= Frans Migub ǀGoagoseb =

Namibian politician and Damara leader

Chief Frans Migub ǀGoagoseb (born 16 June 1954) is a Namibian politician and Damara leader. He is the party leader of the Namibian Democratic Movement for Change and was the party's candidate for president in the 2009 general election. In that election, ǀGoagoseb received 1,760 votes (0.22% of all votes nationally for president), placing eleventh out of twelve candidates for president. Only Attie Beukes of the Communist Party of Namibia received fewer votes than ǀGoagoseb.

==Career==
ǀGoagoseb was born in 1954 in Gobabis, then South West Africa. He was attended primary school in Gobabis and secondary school in Khorixas, Kunene Region. He became active in politics in 1974 as a member of the Damara Council (DC). The DC later transformed into the South West Africa People's Democratic United Front (SWAPDUF), which took part in the Turnhalle Constitutional Conference (1975–1977). ǀGoagoseb was among the first to request that the Damaras be given their own Bantustan government. Damaraland was founded in 1980 with Justus ǁGaroëb as its head. In 1977, ǀGoagoseb was a founding member of the Democratic Turnhalle Alliance, with which he was the primary organizer. Following independence, he was elected as the regional councillor for Gobabis twice, in 1992 and 1998. In 2003, he resigned from DTA to form the Namibian Democratic Movement for Change (NDMC). In 2009, he was chosen as for the party's top spot on the list of National Assembly candidates as well as the party's candidate for President but did not earn a seat in the National Assembly.

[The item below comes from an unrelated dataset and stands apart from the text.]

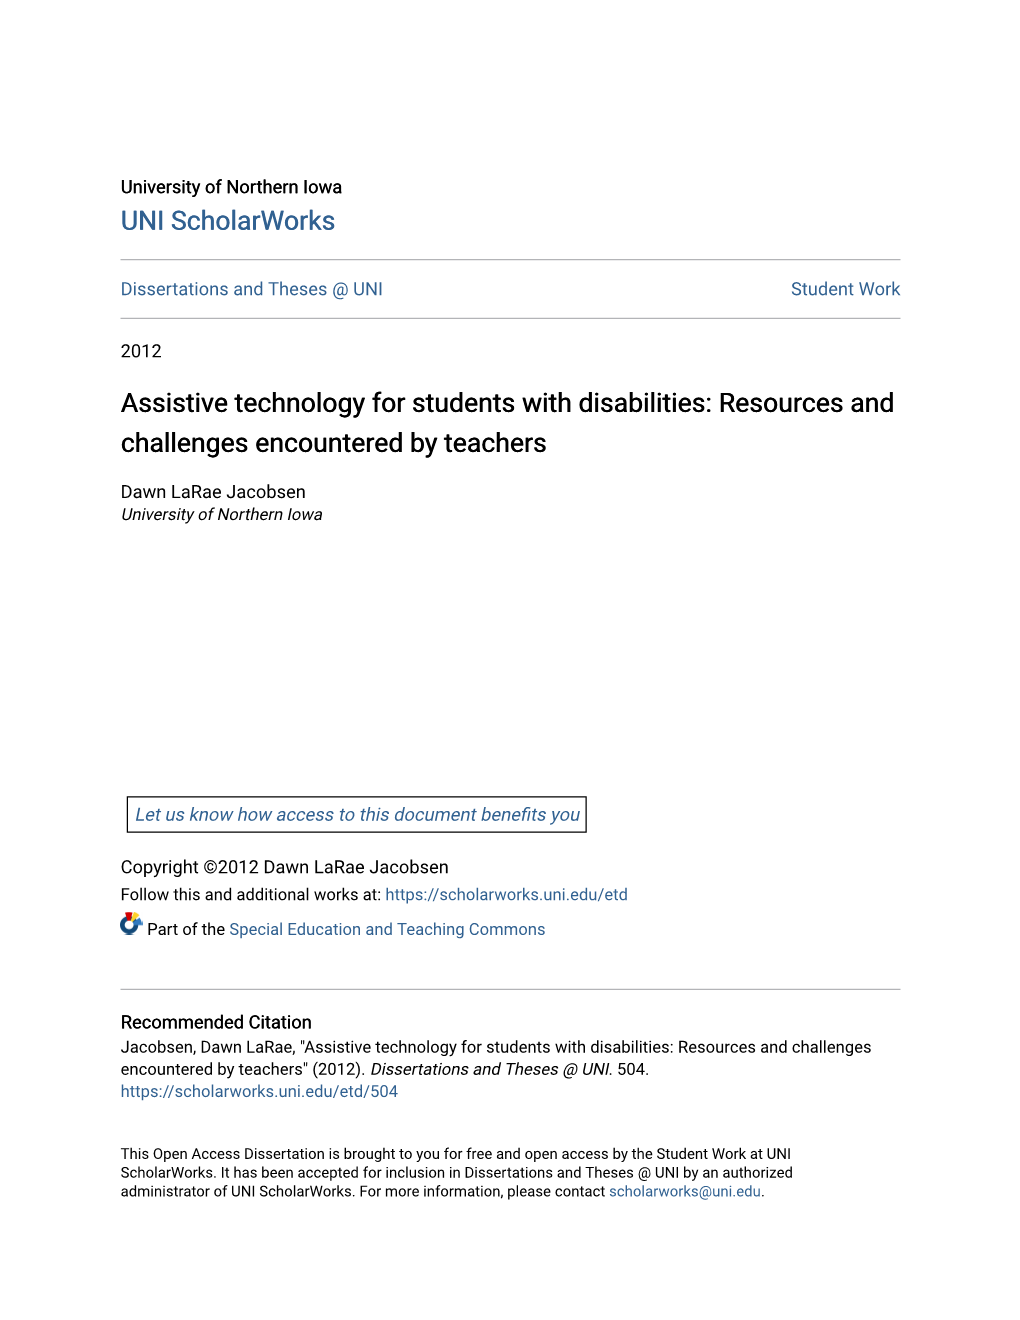 Assistive Technology for Students with Disabilities: Resources and Challenges Encountered by Teachers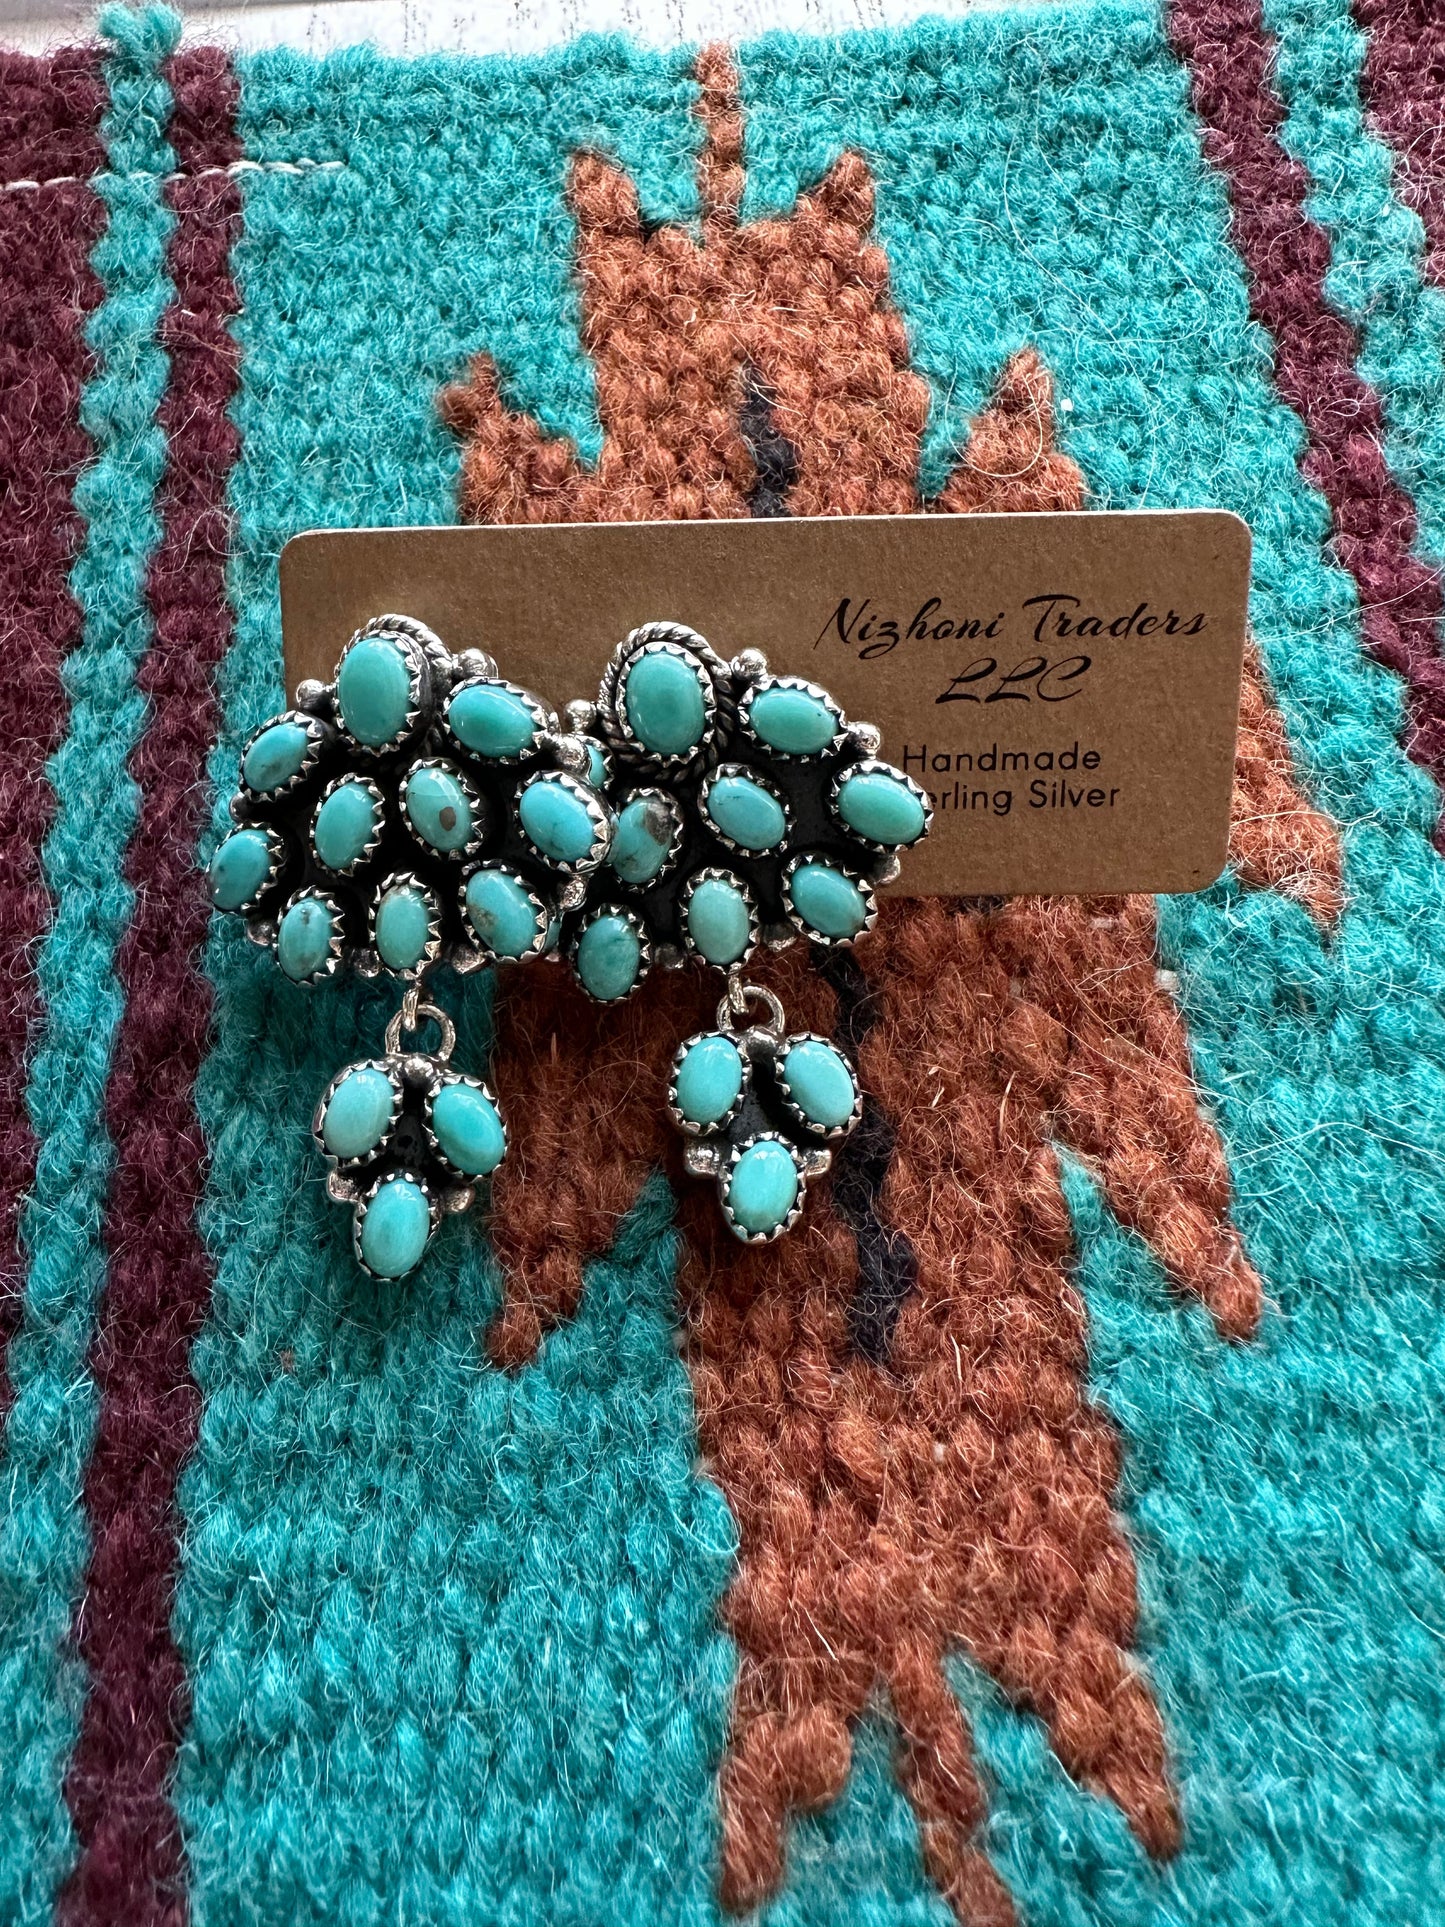 “Cowgirl Charms” Handmade Turquoise And Sterling Silver Dangle Earrings Signed Nizhoni i

===2009 presidential campaign===
In the 2009 presidential elections, ǀGoagoseb received 1,760 votes for president. His strongest showing was in the Rehoboth Rural, where he placed 2nd of the 12 candidates with 674 votes, only behind Katuutire Kaura of DTA, who received 1,114 votes. Overall, ǀGoagoseb received 1001 votes in the central Hardap Region, or 57% of his total votes nationally. He next best constituency was his native Gobabis, where he finished in 5th place with 298 votes.